The Commonwealth of Nations is a paradox in many ways. Nominally, for instance, this association of Great Britain and 48 of its former colonies or dependencies, is powerless.
Yet it exerts a considerable influence, usually constructive, on world affairs. Its diplomats -- black, white, brown, and every shade in between -- gather before many important international meetings to discuss the issues and sometimes adopt informal positions.
But it didn't always function this way.
From the 1600s to the early 1900s, Britain and its colonies were generally designated the ``British Empire.'' Then the less imperial title, ``British Commonwealth of Nations,'' was gradually substituted. In 1949, when India and Pakistan became independent, the term ``Commonwealth of Nations'' was adopted.
Today's Commonwealth, says Secretary-General Sir Shridath S. Ramphal, is the only international institution where a genuine dialogue continues between the well-to-do industrial nations and the developing countries (see accompanying interview).
A Canadian diplomat describes the Commonwealth as ``a bridge'' across vast differences of race, wealth, and cultures.
The British monarch is the symbol of the Commonwealth's unity and acknowledged as its ``head.'' Yet many Commonwealth members are republics that do not give allegiance to the British Queen.
The Commonwealth has no formal or written constitution. When the heads of the 49 Commonwealth nations meet every two years, they never vote on an issue, nor do they pass resolutions. Says Sir Shridath: ``Everything must be done by agreement, acquiescence, sometimes consensus.''
Meetings of the Commonwealth receive considerable attention in the press of member nations but the news media are not allowed to attend. Heads of government meet ``in camera'' with only two advisers per prime minister or president.
A few Commonwealth member nations had to fight for their independence from Great Britain. Yet today they and the other members who obtained nationhood more peacefully are generally bound together by common ideals and interests and a shared history and political heritage.
Today the Commonwealth embraces a third of the world's nations, roughly one-fifth of the land surface of the earth, and a total population of around 1.2 billion, or one-fourth of the human race. Its peoples belong to all the major races of mankind. They speak hundreds of different languages and dialects. Some live in extreme poverty, some in great wealth.
Their governments, too, are varied. Many are parliamentary democracies, most with two-chamber legislatures. In a great majority of member nations the rule of law prevails. But a few are authoritarian (e.g., Uganda, Ghana, and Zambia). Some members have governors-general who are representatives of the Queen. A small number have their own monarchies (Lesotho, Malaysia, Swaziland, and Tonga). Others are republics. Several are federal states (e.g., Canada, India, Malaysia, and Australia). Oth ers are unitary states (e.g., Britain and New Zealand). Sir Shridath holds that the Commonwealth achieves some of its strength from the enormous variety in its members.
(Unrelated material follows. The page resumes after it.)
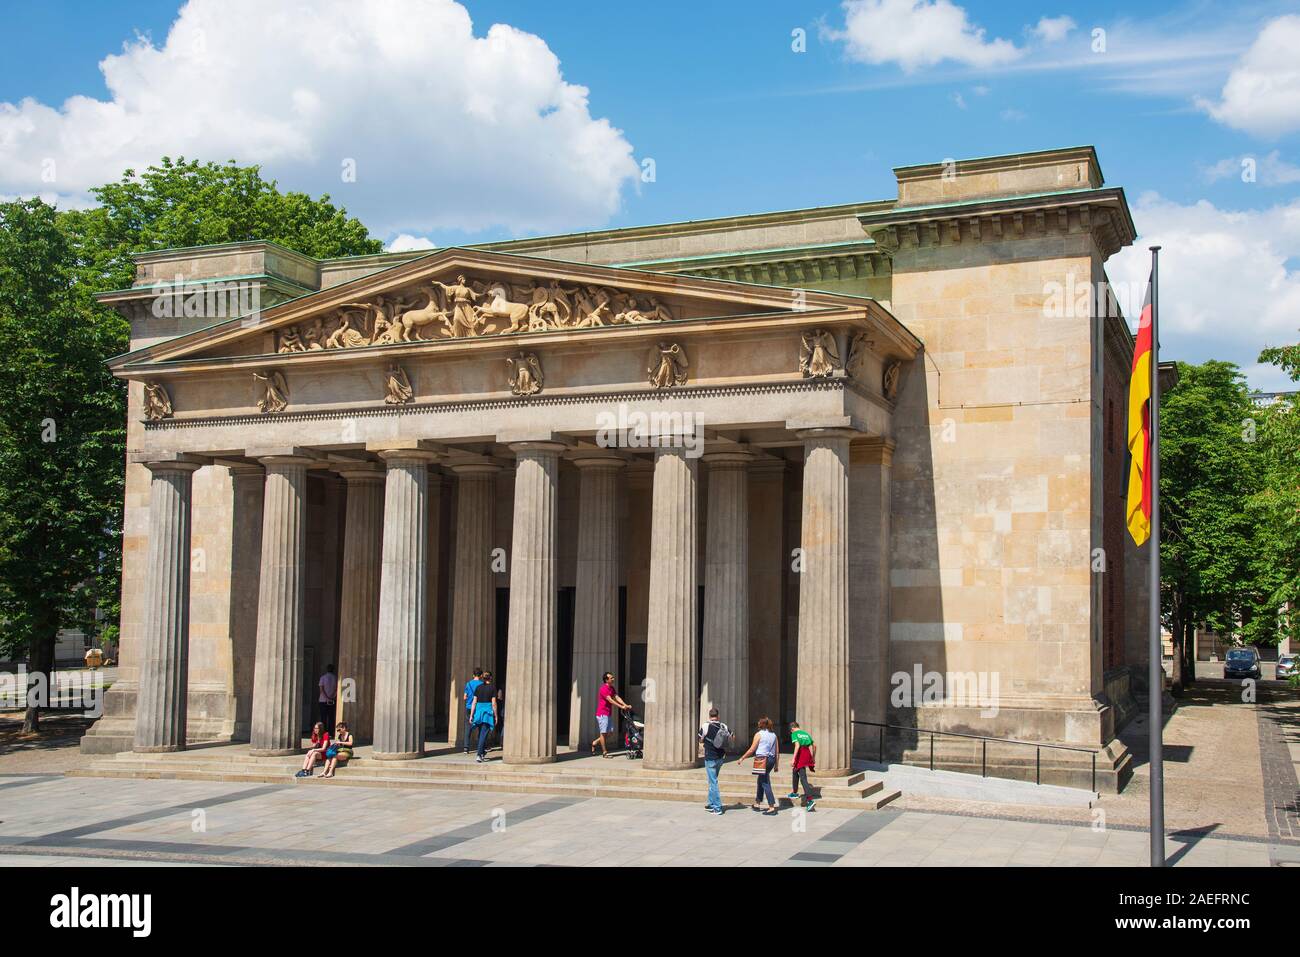 BERLIN, GERMANY - MAY 25, 2018: A view of the facade of the Neue Wache in Berlin, Germany, which serves as Central Memorial of the Federal Republic of Stock Photo

The Secretariat of the Commonwealth marks its 20th anniversary this year. Its staff of under 400 is headquartered in Marlborough House, the former home of Queen Mary. The staff come from a sizeable number of member nations. One of Ramphal's deputies is from Nigeria; the second is British. One assistant is Indian, another Canadian. The Secretariat has a budget of merely about $6.5 million.
One task of the Commonwealth's Secretariat is to manage a small fund (around $25 million) for technical assistance. It supports experts helping out in developing member nations and sponsors training programs for 1,500 to 2,000 managers and technicians each year. Most of the experts come from other developing countries rather than the industrial member nations.
The Secretariat also organizes the Commonwealth meetings of government officials and encourages through a foundation the activities of around 300 other Commonwealth organizations.
``Relations of Commonwealth countries go back many years,'' says Sir Shridath. ``Out of that shared experience . . . a common colonial status, have come quite spontaneously a whole range of unofficial contacts, networks, [and] collaborations, within the Commonwealth.''
When Britain entered the European Community, many opponents charged that it would thus be turning its back on the Commonwealth.
But Sir Shridath says that perception was unfortunate and inaccurate.
He says that the Queen has helped in this regard ``because of the tremendous amount of enthusiasm that she has demonstrated for the idea of a modern commonwealth and the respect and esteem in which she is held by Commonwealth leaders.''
Queen Elizabeth II has also commanded ``tremendous affection and popular acclaim'' in visits to India and to several African nations, Sir Shridath says.
Because the Commonwealth's membership includes a large majority of poor countries, much of its attention is devoted to economic development.
The secretary-general says the International Monetary Fund is too tough in the conditions it imposes on developing countries when they seek loans when in balance-of-payments trouble.
Similarly, he holds that the World Bank should have more resources to make development loans to poor countries.